# Problem requirements
Your output should be exactly the lines from the one containing "1440p Bamboo Background" through the final line of the following data, please, with no pictures.
Segment Start: Collected data
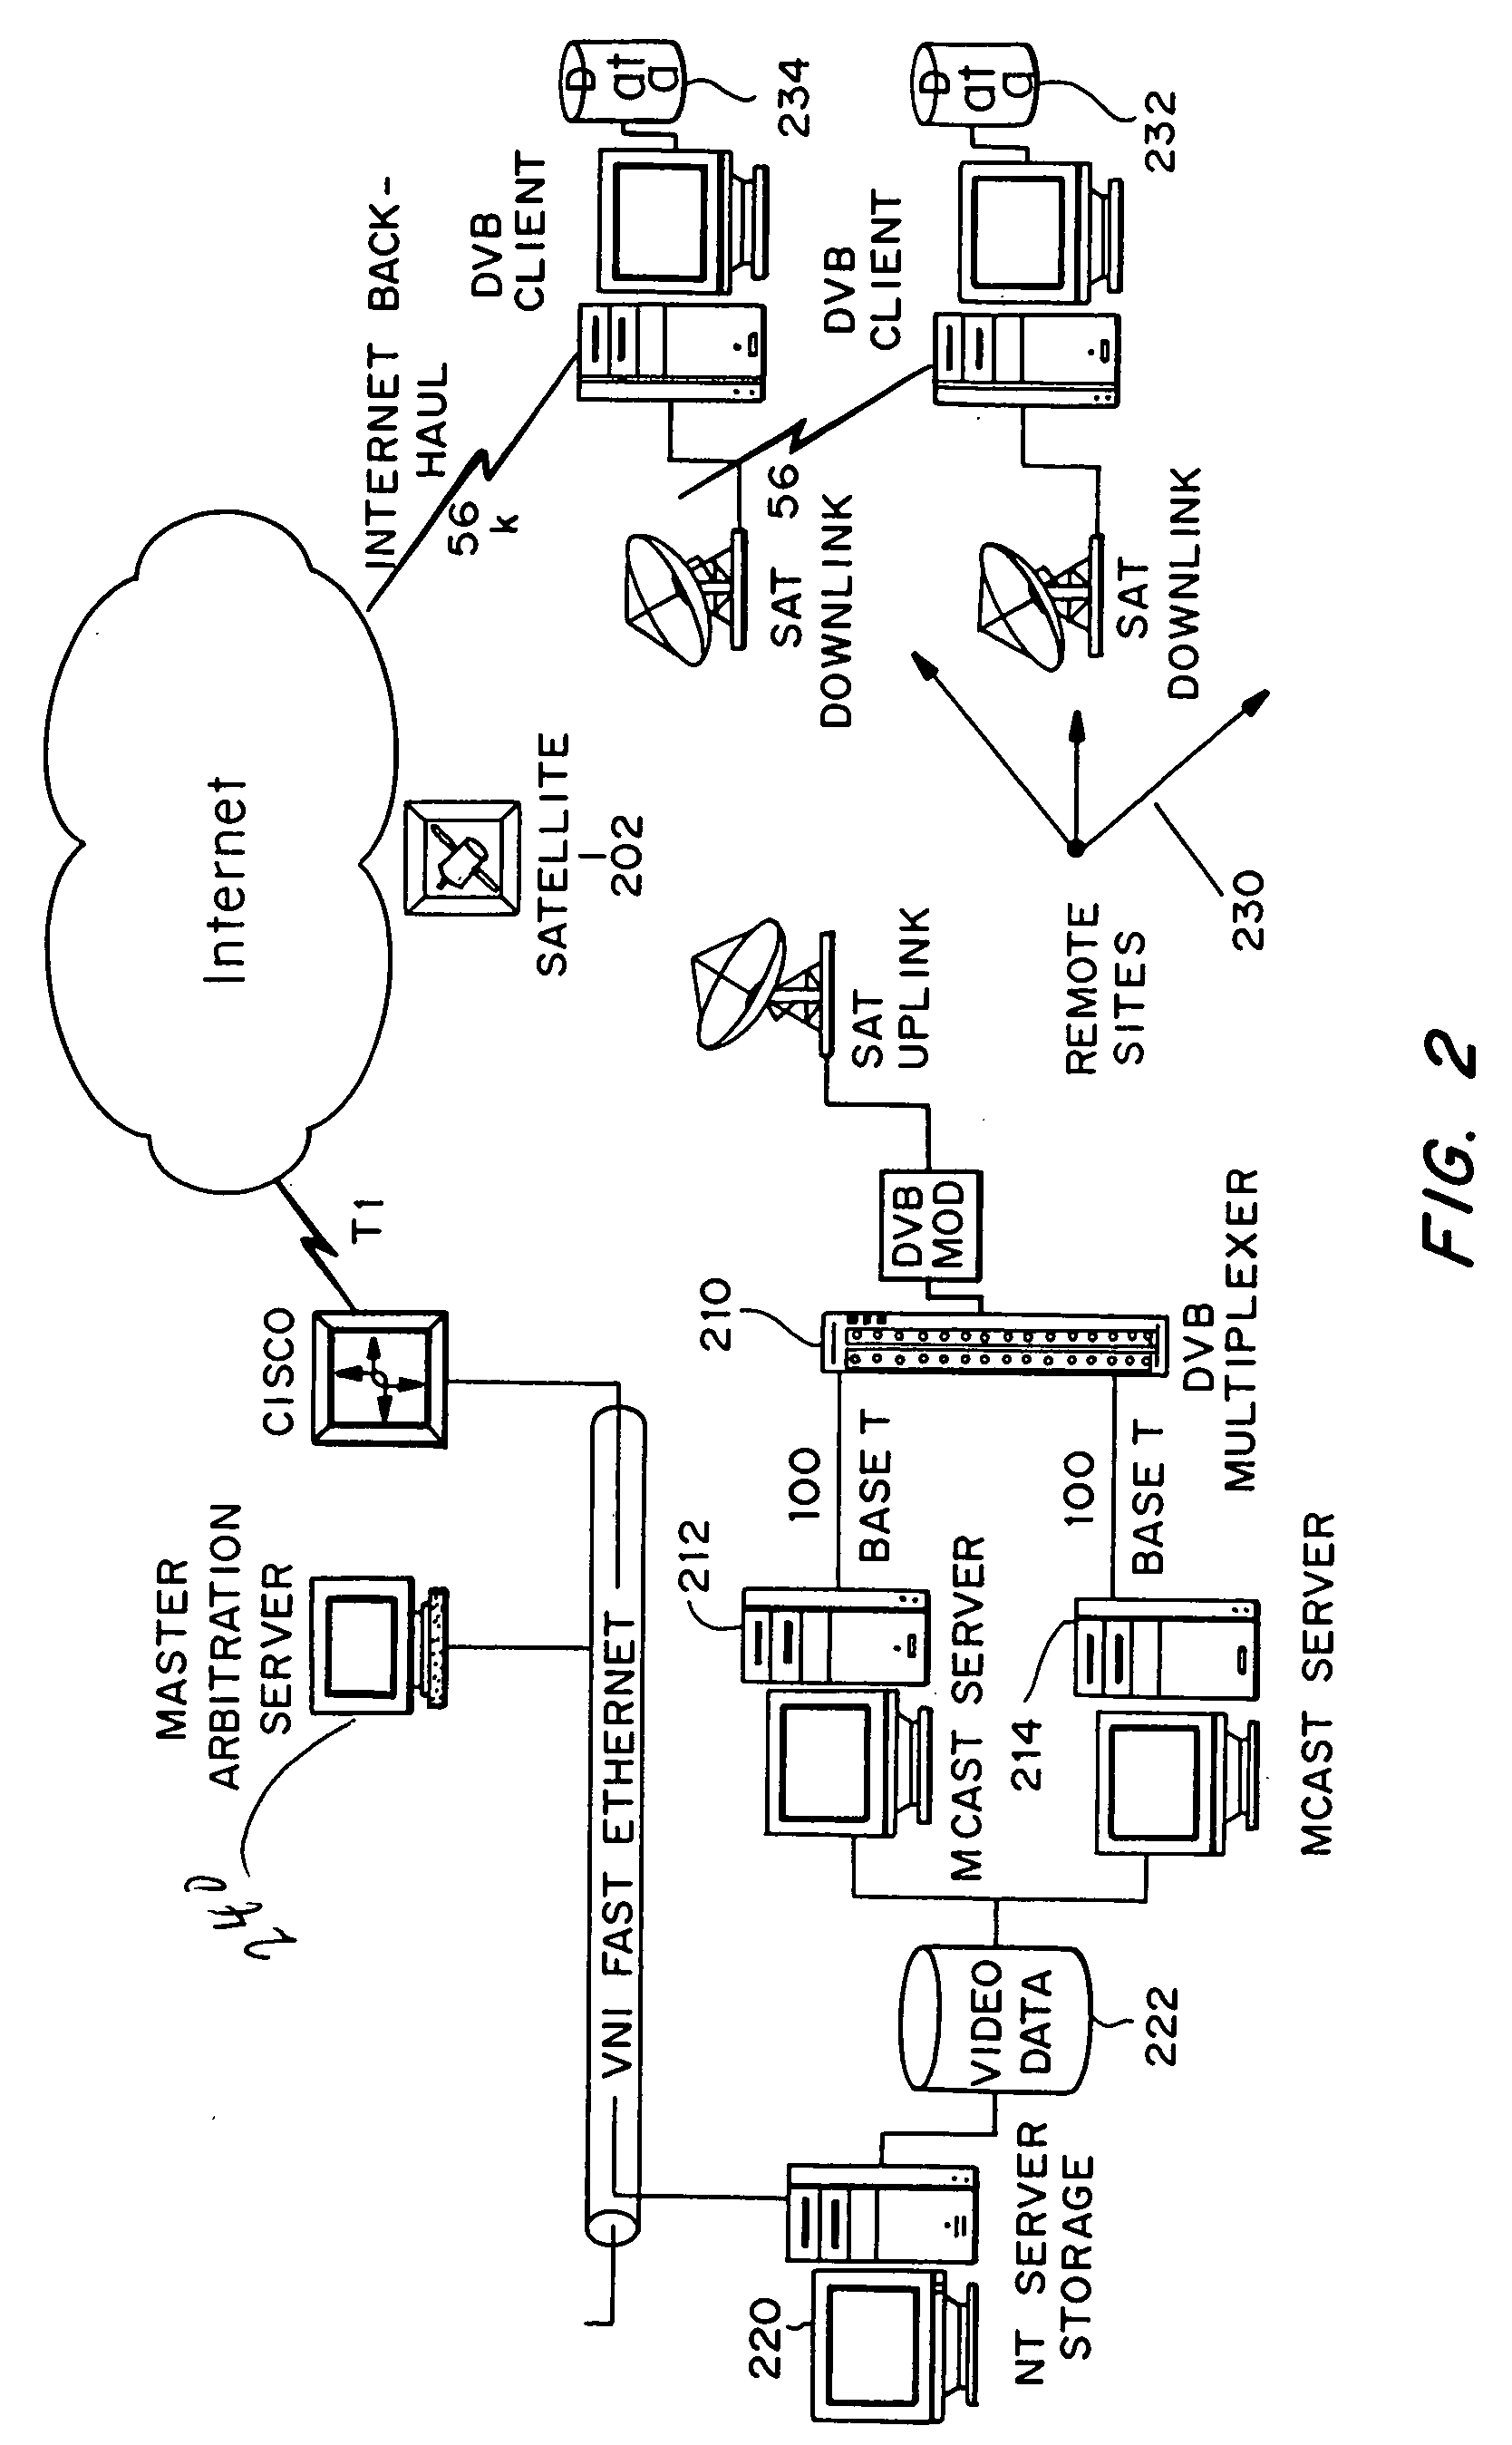 Multicast control systems and methods for dynamic, adaptive time, bandwidth,frequency, and satellite allocations
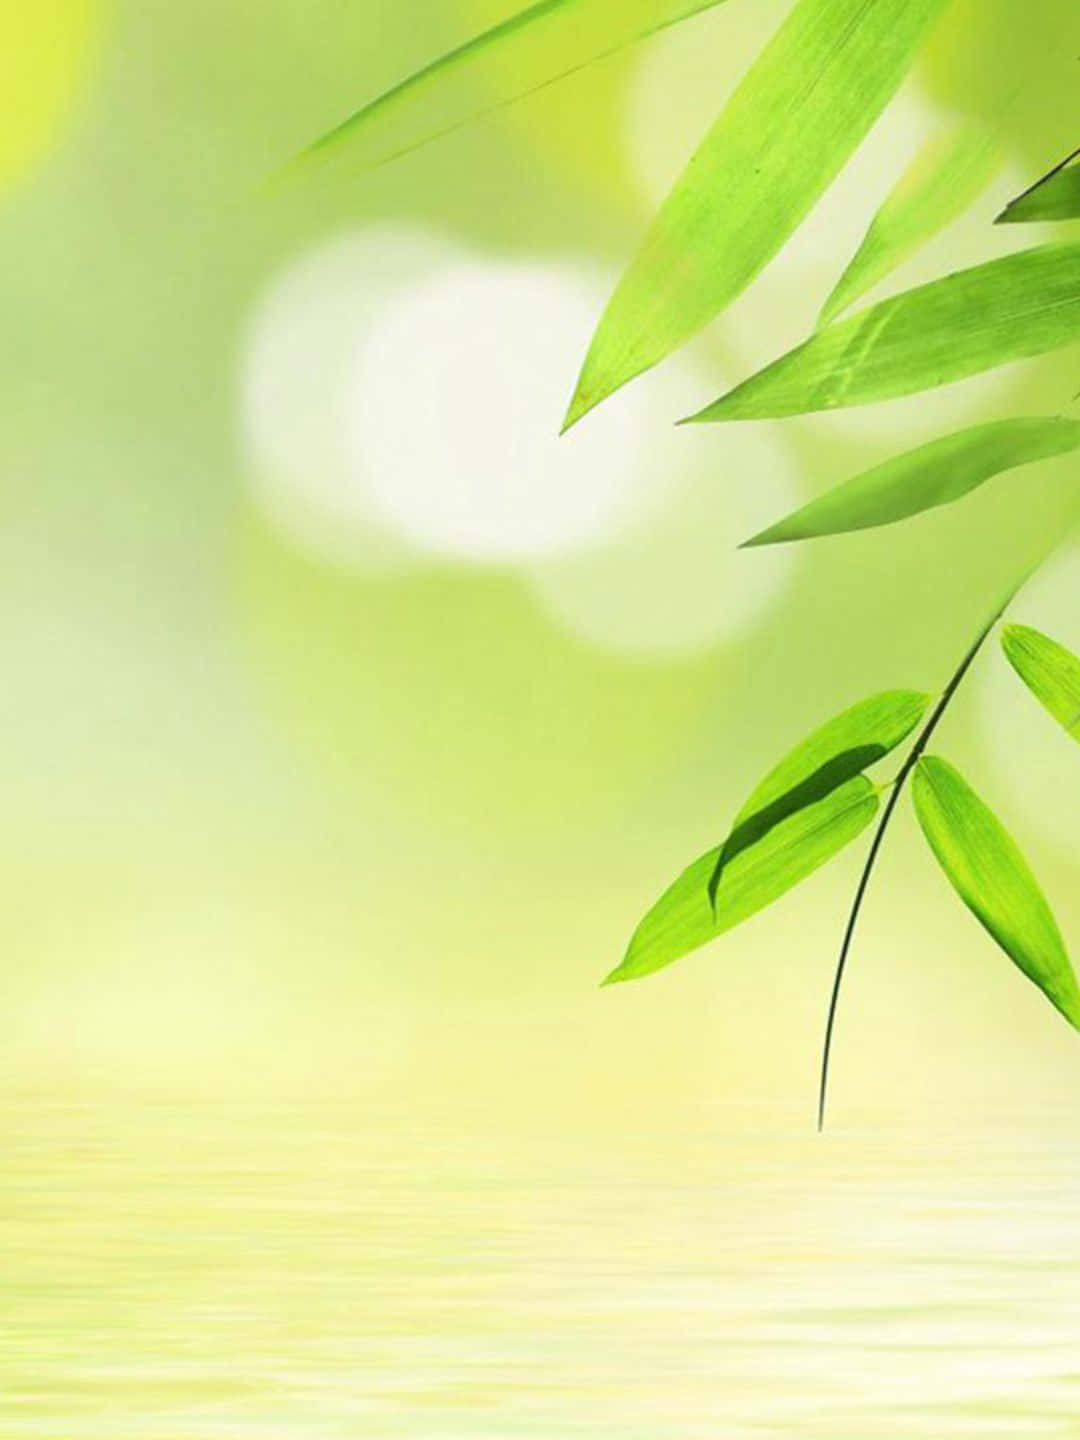 1440p Bamboo Background Leaves With A Bright Backdrop
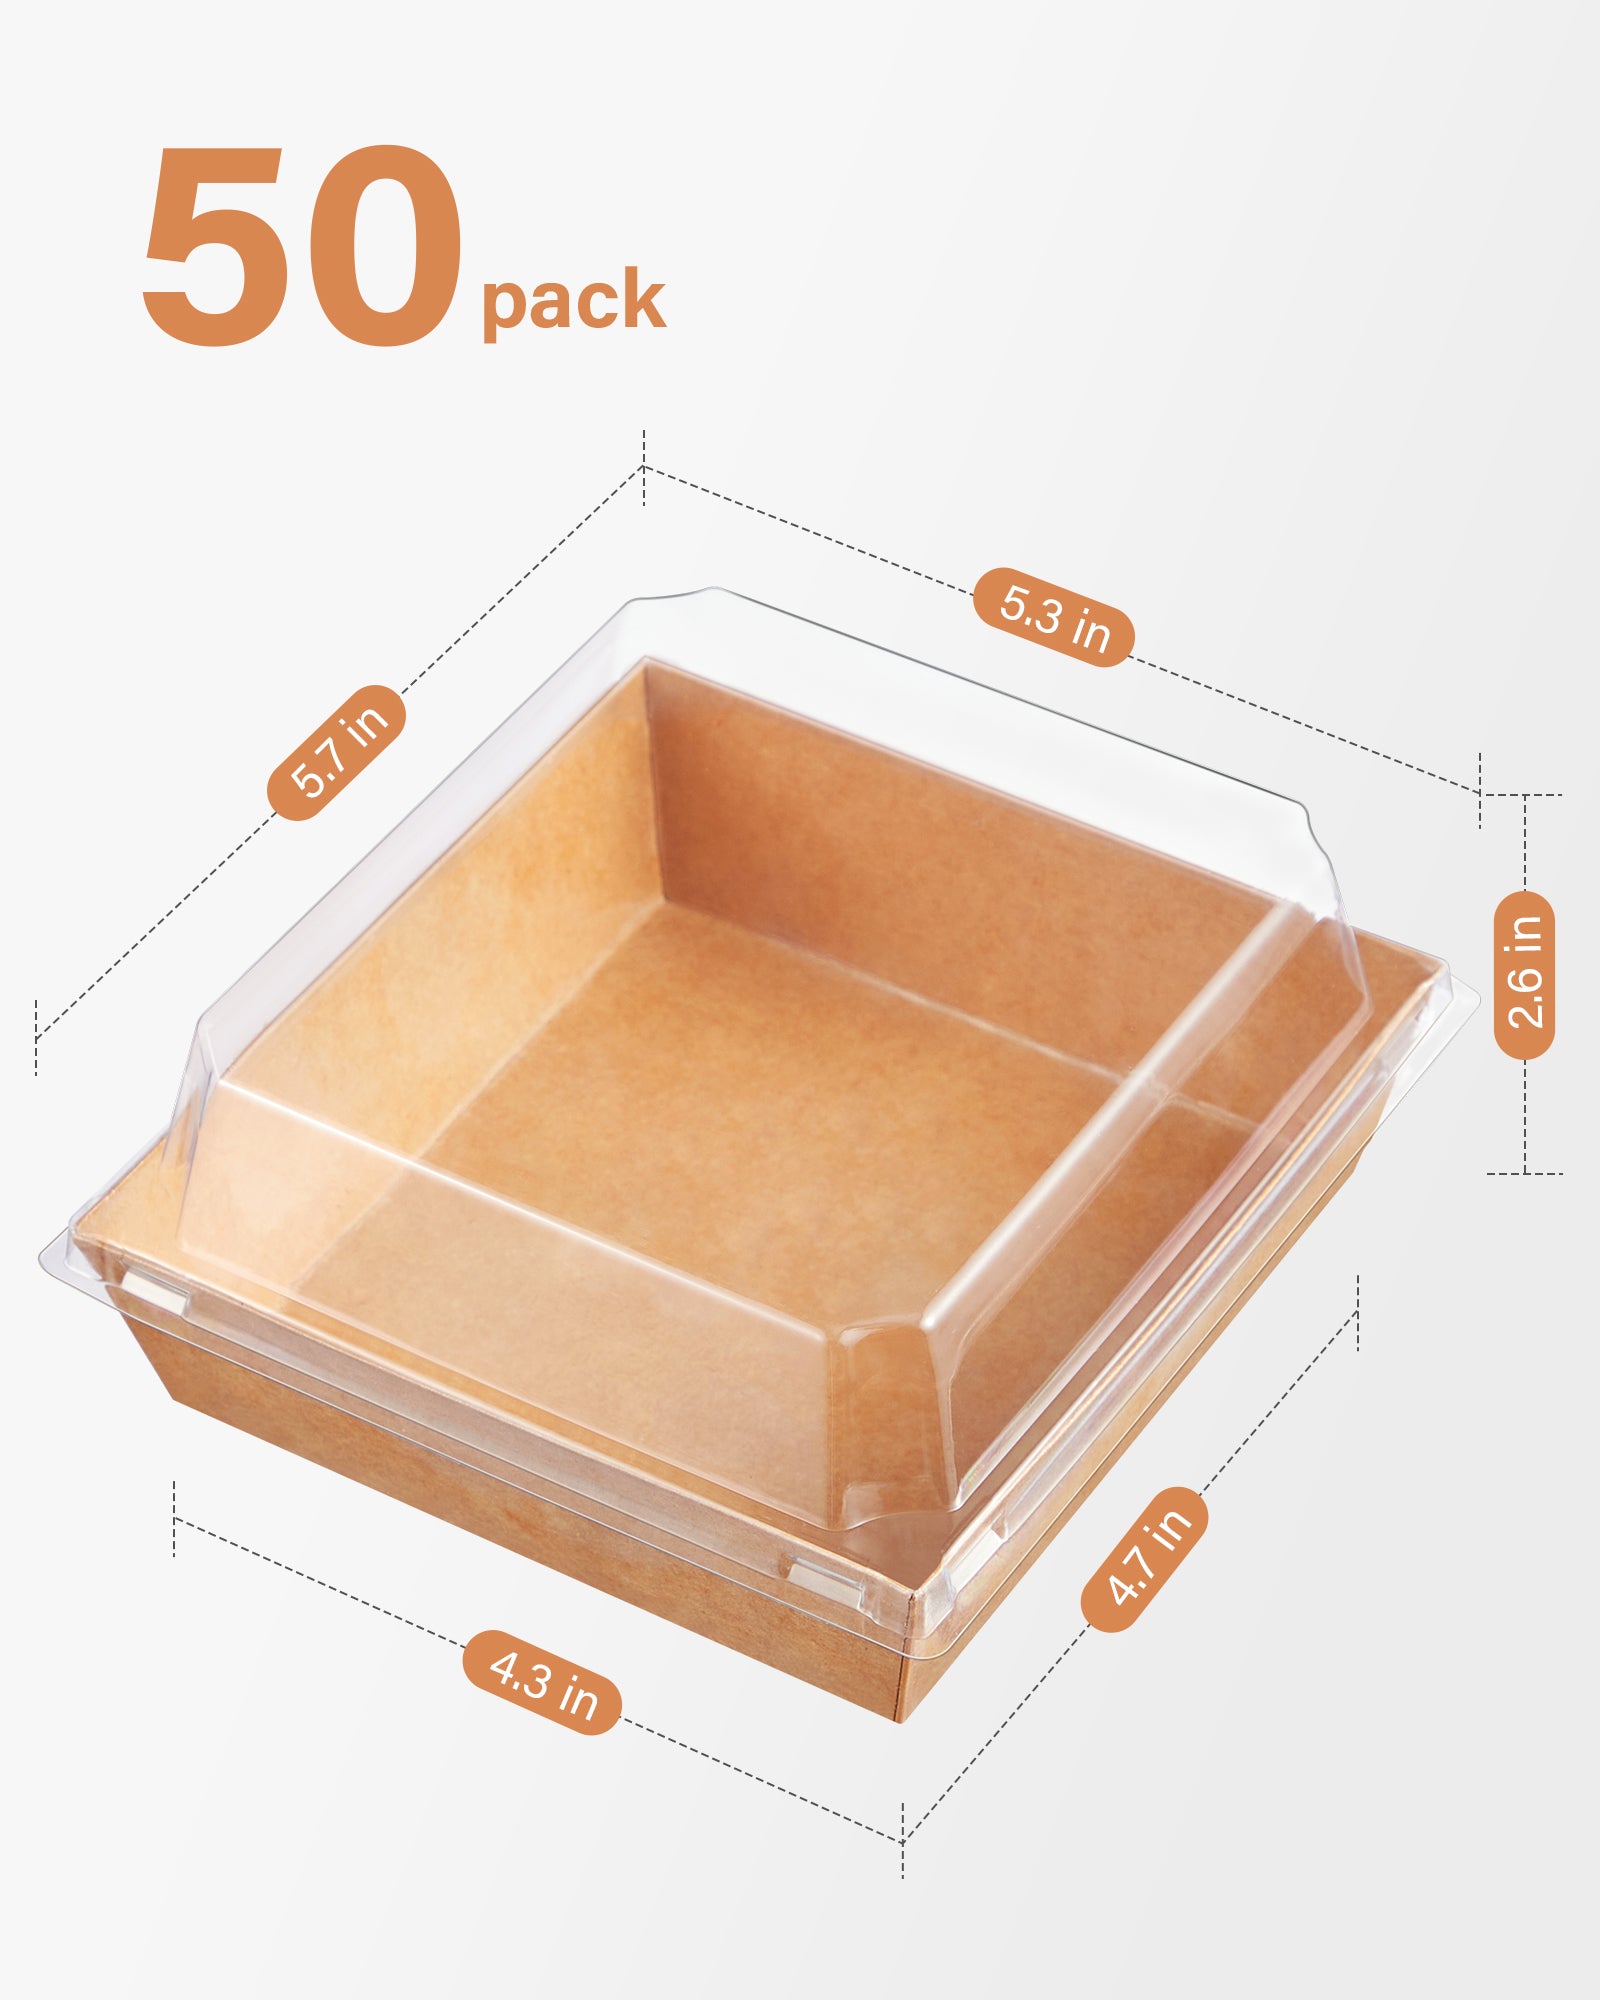 Kootek 50 Pack Charcuterie Boxes with Clear Lids, 5.7 Inches Disposable Dessert Boxes To Go, Square Small Individual Food Containers Bakery Box for Sandwich, Slice Cake, Cookies, Hot Cocoa Bombs, Strawberries
Segment End: Collected data
# Solution to the exercise
 1440p Bamboo Background Leaves With A Bright Backdrop
 Kootek 50 Pack Charcuterie Boxes with Clear Lids, 5.7 Inches Disposable Dessert Boxes To Go, Square Small Individual Food Containers Bakery Box for Sandwich, Slice Cake, Cookies, Hot Cocoa Bombs, Strawberries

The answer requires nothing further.